Regarding liveness properties, important approaches are based on exhibiting a variant or using the Liveness-to-Safety reduction method proposed in [19]. For the simple examples done with TEA, such methods would allow to prove the properties with little efforts, if done right, but are not fully automatic contrary to the TEA tactic. In both case the computation time is really low.

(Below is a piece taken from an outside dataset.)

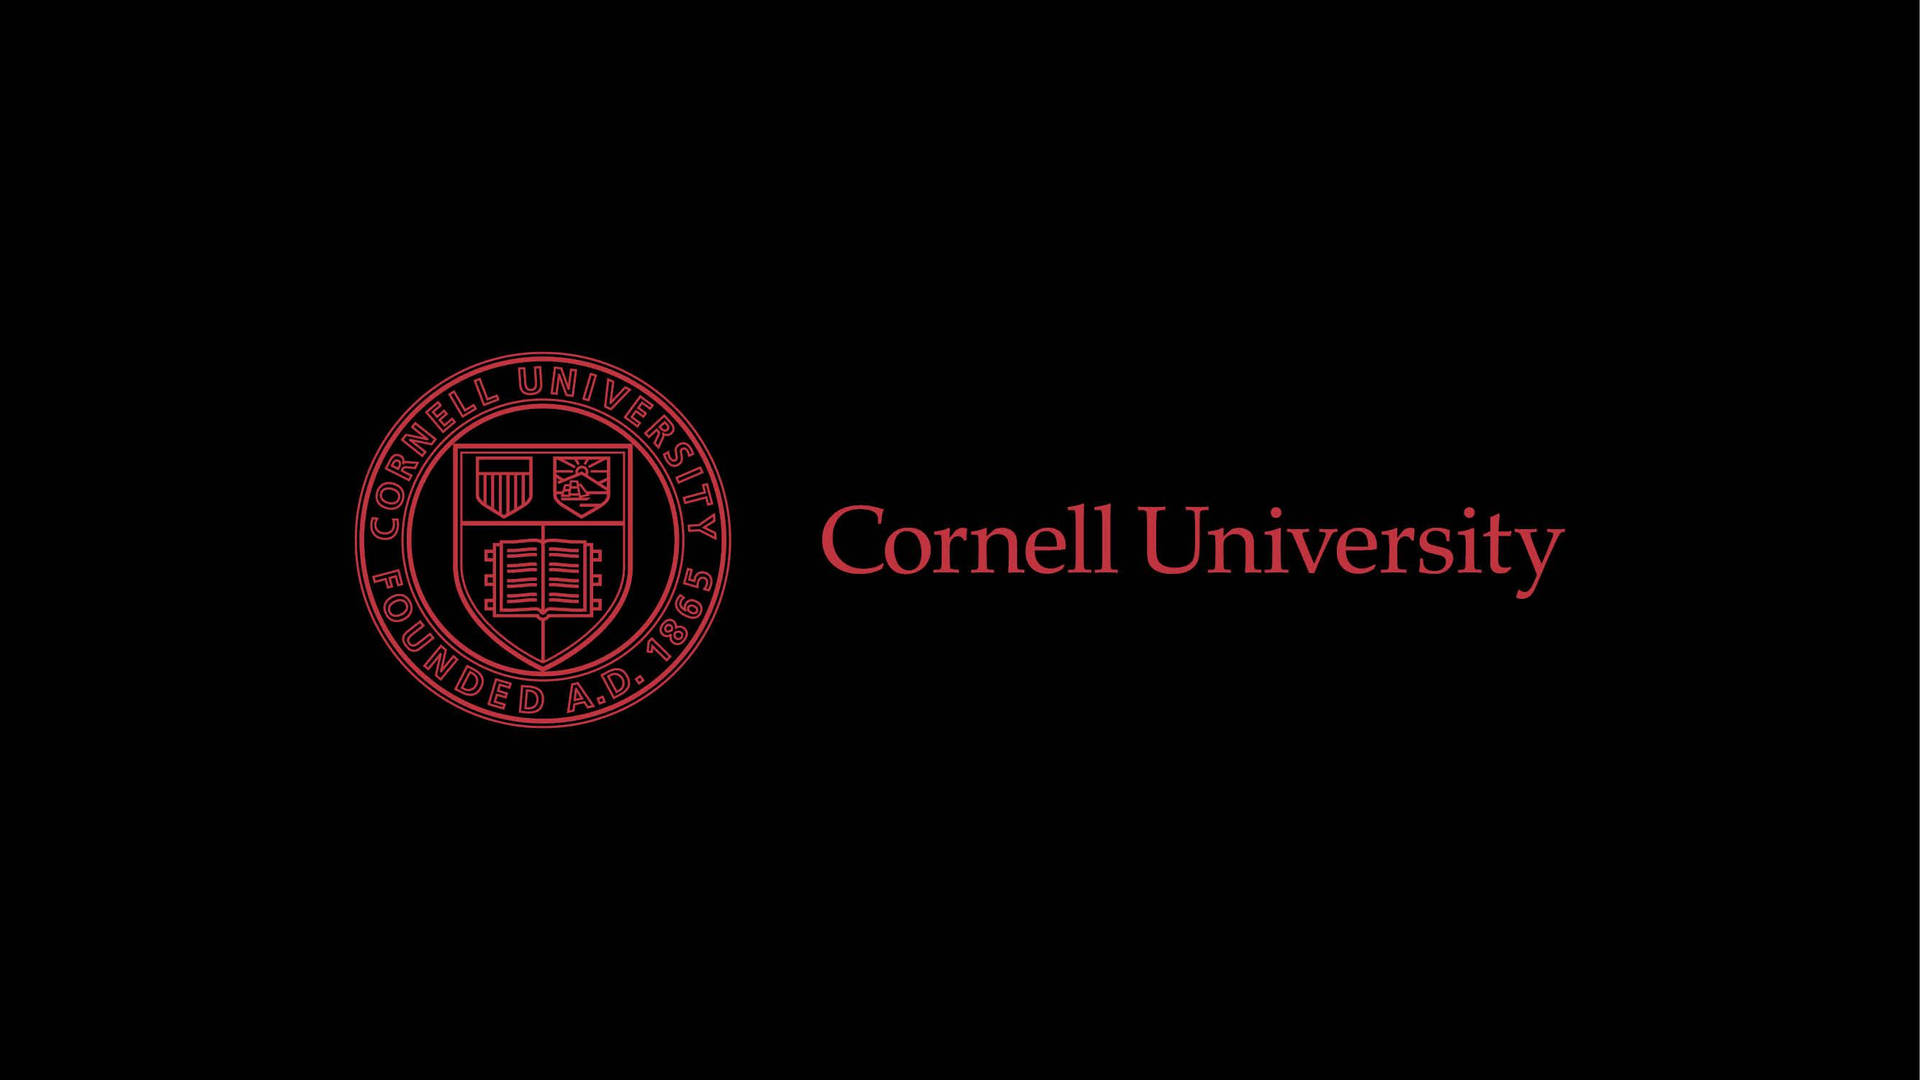 Cornell Universitet 2667 X 1500 Wallpaper

With the TTC approach, we do not need to exhibit any sort of invariant and the propagating property to exhibit has always been straightforward. To our knowledge there is no easiest method to prove some of the examples we presented. For example, the liveness property of the leader election protocol requires to exhibit a variant and an invariant and both are harder to exhibit than the propagating property. The Liveness-to-Safety reduction method also applies here, but it requires to find an invariant on the system obtained by reduction, as well as finding an axiomatization of the reflexive-transitive closure preserving the Liveness property (while this axiomatization is embedded in TTC tactic). However, despite being more immediate in our examples, the TTC tactic is less flexible than these two alternatives since it applies for liveness properties based on the reflexive-transitive closure.

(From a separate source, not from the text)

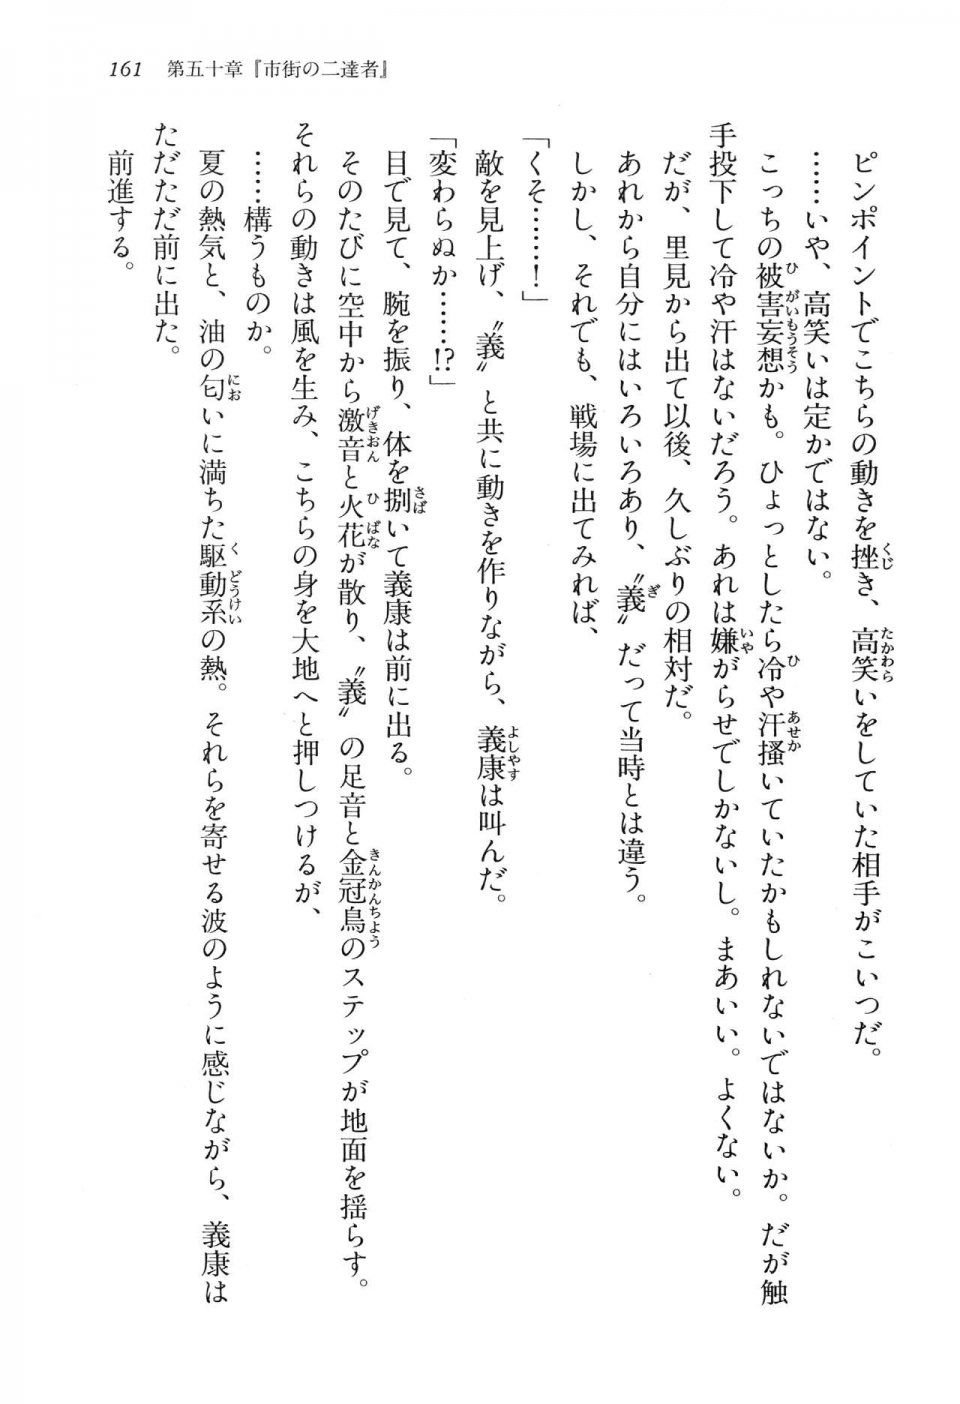 Kyoukai Senjou no Horizon LN Vol 15(6C) Part 1 - Photo #161

Our approach can also be compared with the specification of parameterized systems. Cubicle [7,8,9,10] is an SMT-based model-checker for the verification of safety properties on parameterized systems. Cubicle is efficient for challenging systems but, contrary to our techniques, it enforces strict syntactic constraints on guards and on the checked property. Others techniques based on labelled proof systems have also been proposed [2]. In [15], the safety of the TLB Shootdown algorithm is proved using such a technique. The user must exhibit the correct invariant for the proof system to conclude; while the TEA tactic is automatic. Also, some methods, such as invisible invariants [25], rely on finding automatically a candidate for being an inductive invariant and then checking if this is the case without needing any input from the user. Such an approach is automatic and efficient but only applies to Bounded-Data Parameterized Systems while our methods applies to a wider context. While most work on parameterized systems focuses on safety properties, [11] addresses liveness properties, but remains essentially theoretical. We remark that the techniques mainly used for parameterized systems are mostly orthogonal to those presented in this paper, and a combination of both could be fruitful.

10 Conclusion

We devised three original, sound (but incomplete) transformations, that allow to check that a state machine specification, expressed in a rather expressive fragment of \(\mathrm {FOLTL} _=^*\), enjoys a temporal property, expressed in the same setting, whatever the bounds on domains (associated with sorts) are. The transformations were proved correct in Coq. We evaluated our approach on several case studies and found that the transformations were effective and, for the semi-automatic ones, demanded an effort comparable to other approaches. A drawback is that the computed bounds can sometimes grow too much for model-checking to be feasible with the back-end tools we used. Notice that our approach is orthogonal to the main other approaches (for instance, inference of invariants) and could certainly be combined with some of them. Once a universally quantified inductive invariant Inv is found, such a combination would be possible by adding an axiom of the form \(\mathbf {G}\) Inv to our abtract specification. This refines the abstraction while fitting in both LTR and Geneva. This is left for future work.